ACF Gap Year: Investing in Mission-Minded Students
This academic year marks an important milestone for the ACF Gap Year, a three-year pilot initiative designed to equip students for intentional, campus-based mission. Launched last fall at University of California, Berkeley, the pilot began with six gap-year student volunteers committed to strengthening Adventist Christian Fellowship’s presence and impact on a major public university campus.
This spring, the program continues to grow. Five student volunteers are currently serving across two strategic locations. Three are based at UC Berkeley, working alongside Ron Pickell, Pacific Union Conference ACF Director, to help grow the local ACF chapter and move it toward a more intentional, outward-focused, missional posture.
At the same time, two gap-year volunteers are serving at University of Washington Seattle, where a house church is being planted through University Commission. This work is being led by John Leis, Washington Conference ACF Director and North Pacific Union Conference ACF Coordinator.

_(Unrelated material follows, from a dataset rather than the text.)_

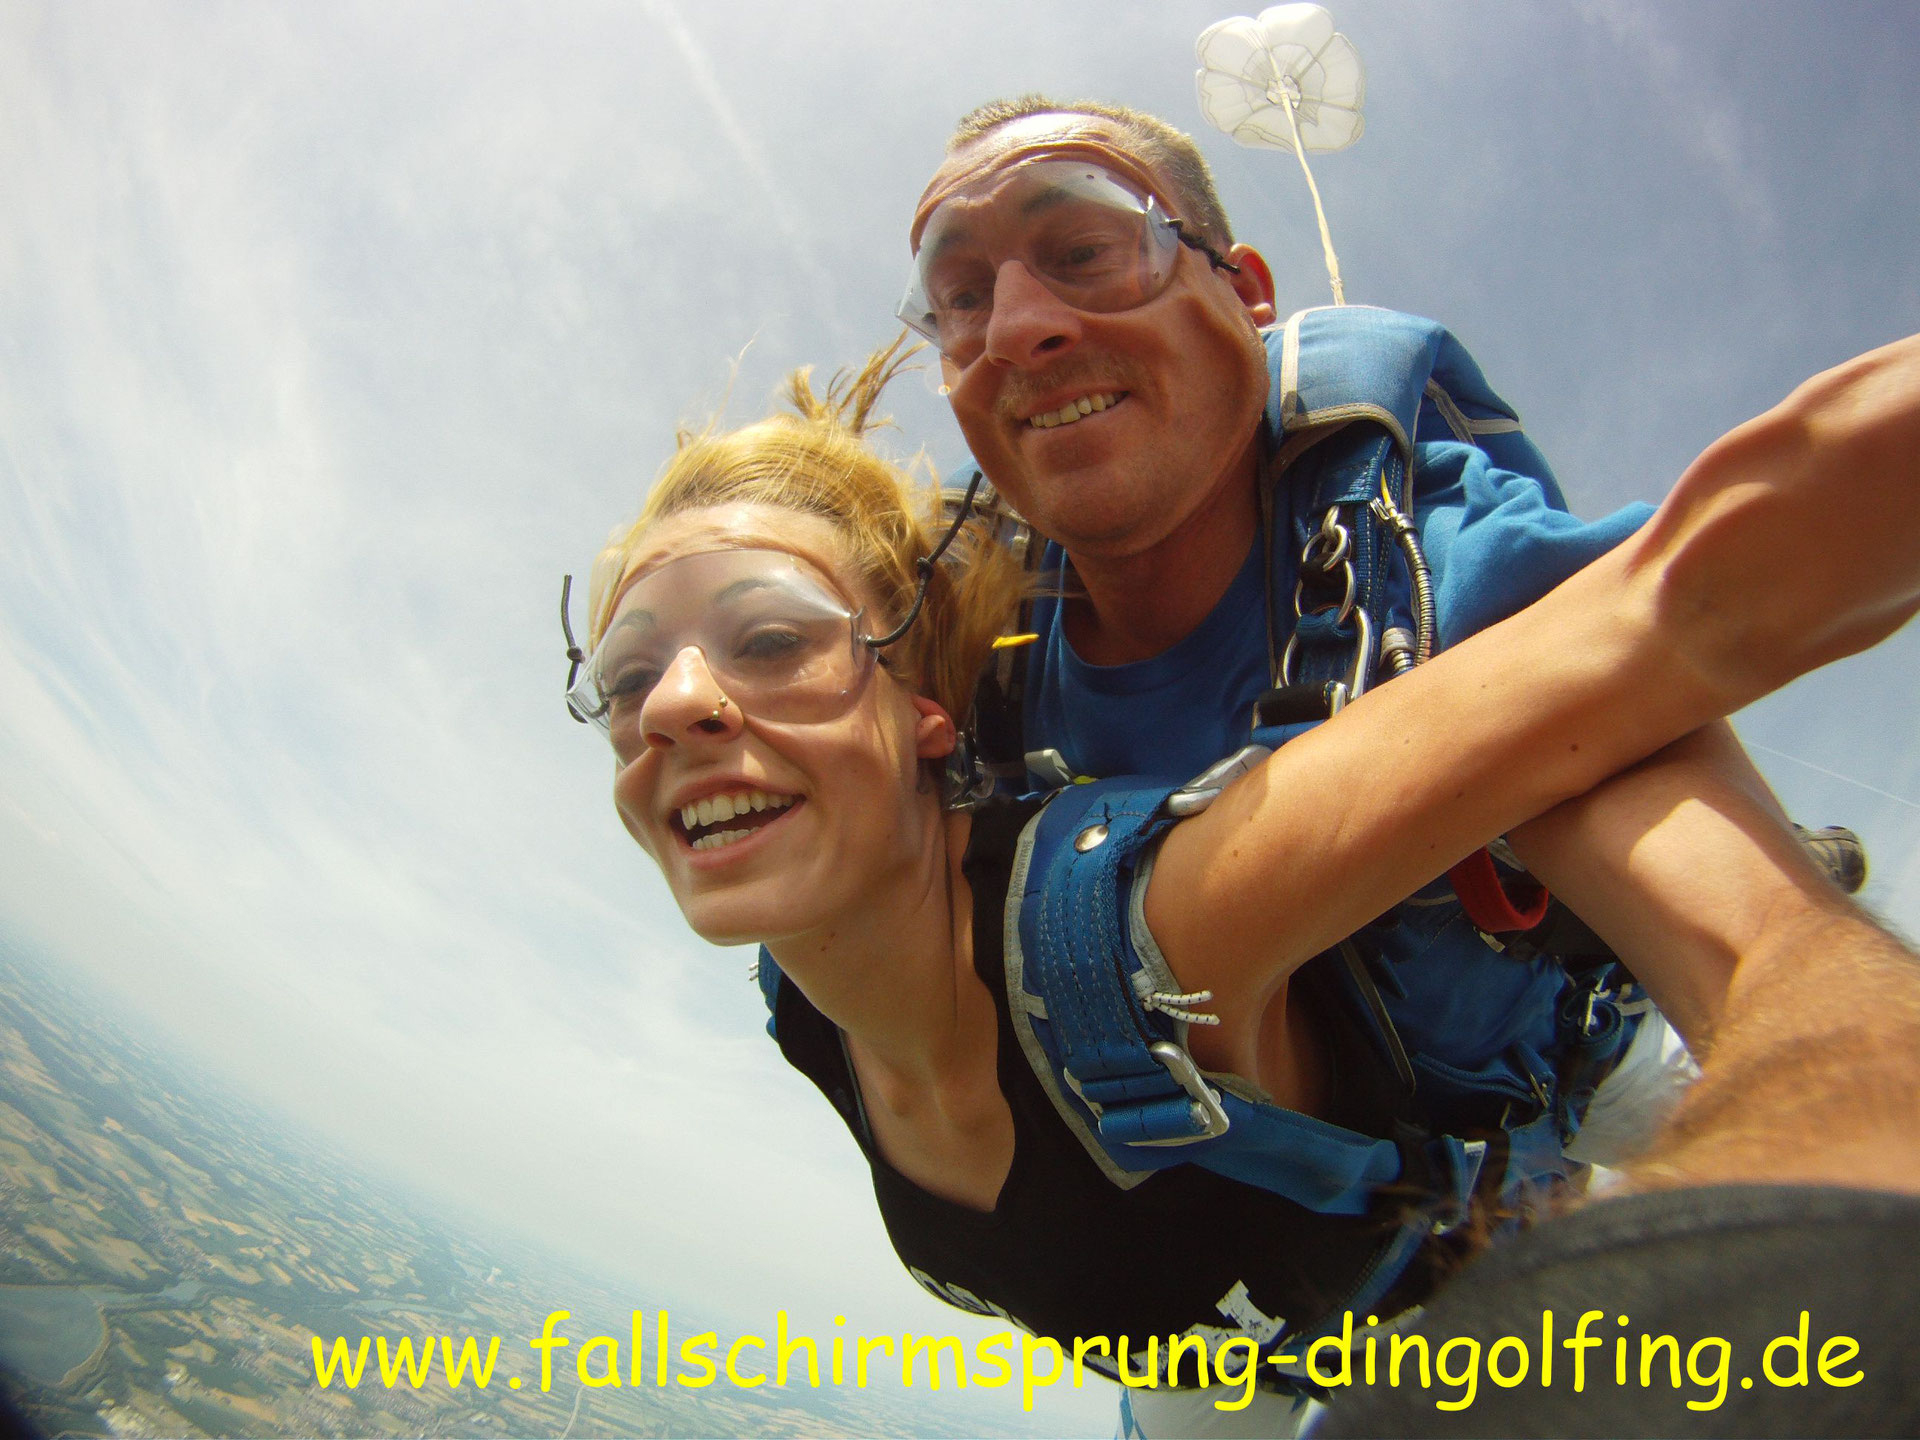 Tandemsprung München - Fallschirmspringen Dingolfing mit Fallschirm Tandemsprung München
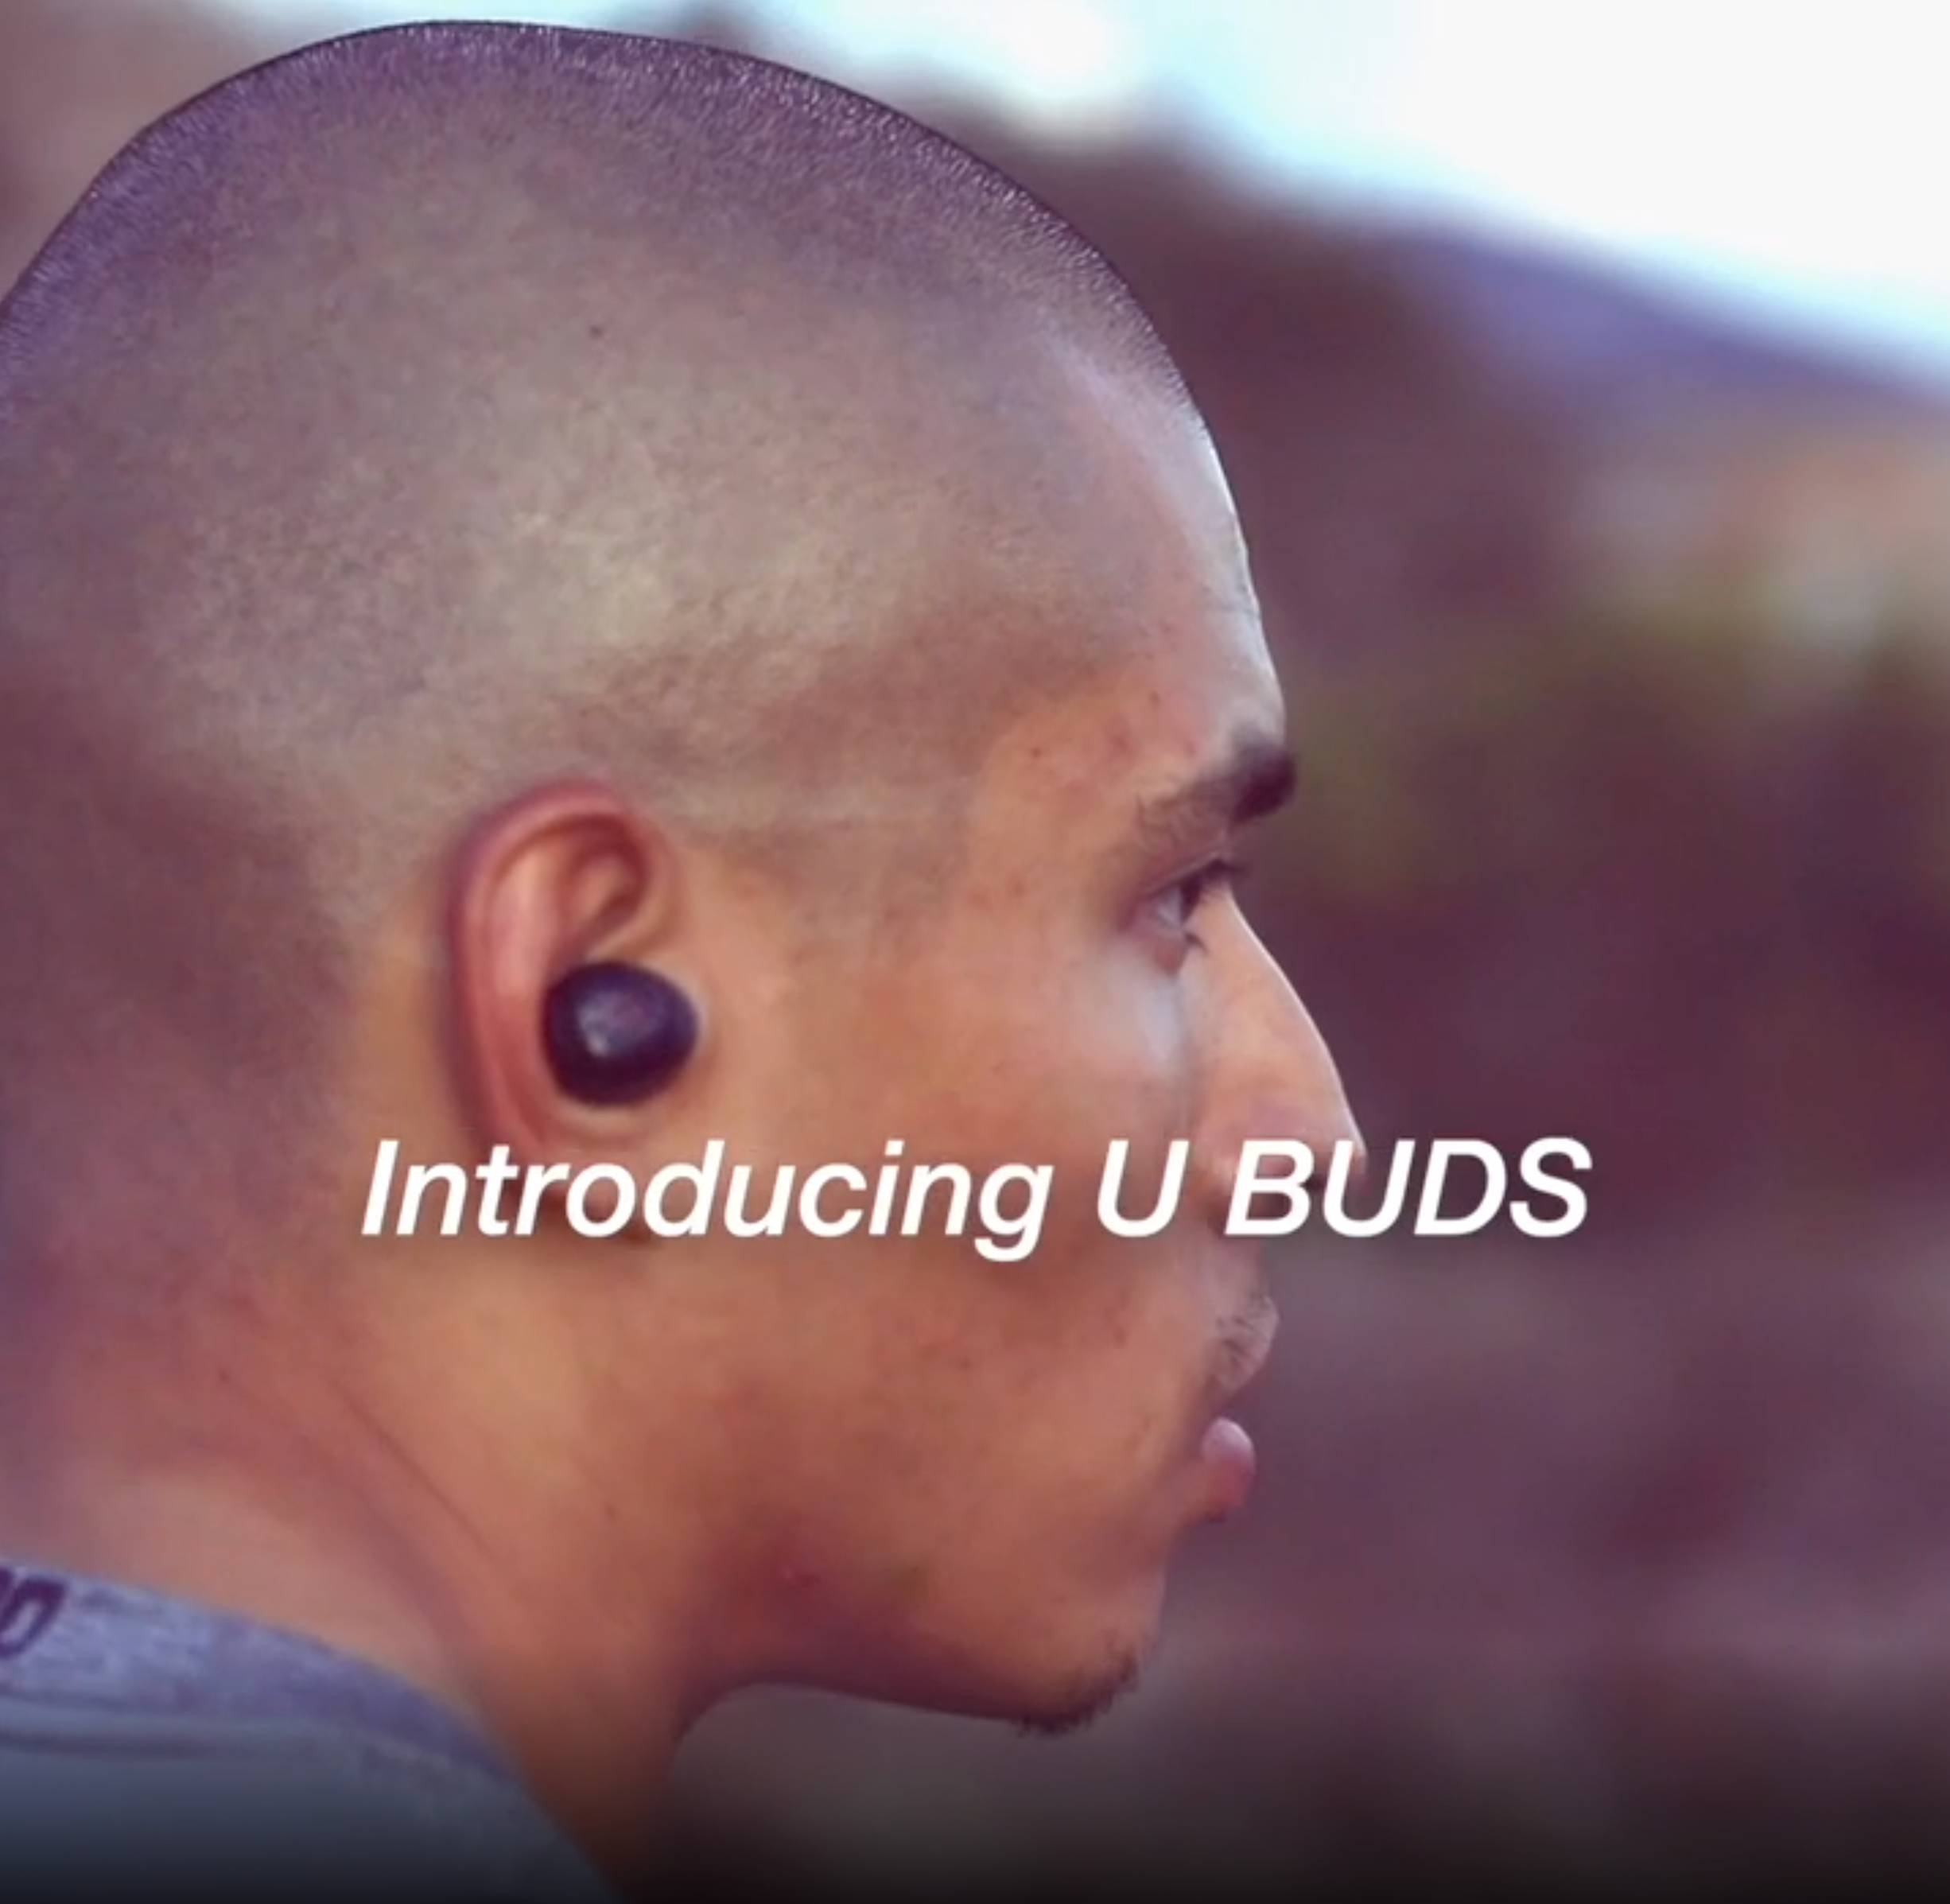 U BUDS SUMMIT wireless earbuds

The ACF Gap Year pilot exists because we recognized a consistent gap on public university campuses: ACF chapters are being launched, but many student-led groups only have the capacity to create a safe, supportive community for Adventist students. While that community is essential, we have not consistently seen the kind of missional momentum needed to engage and reach the wider university campus. The Gap Year initiative was created to add focused support through a student volunteer who is not currently enrolled in the university—someone who can come alongside the local ACF chapter, strengthen what is already happening, and help the chapter grow into a more intentionally missional presence on campus.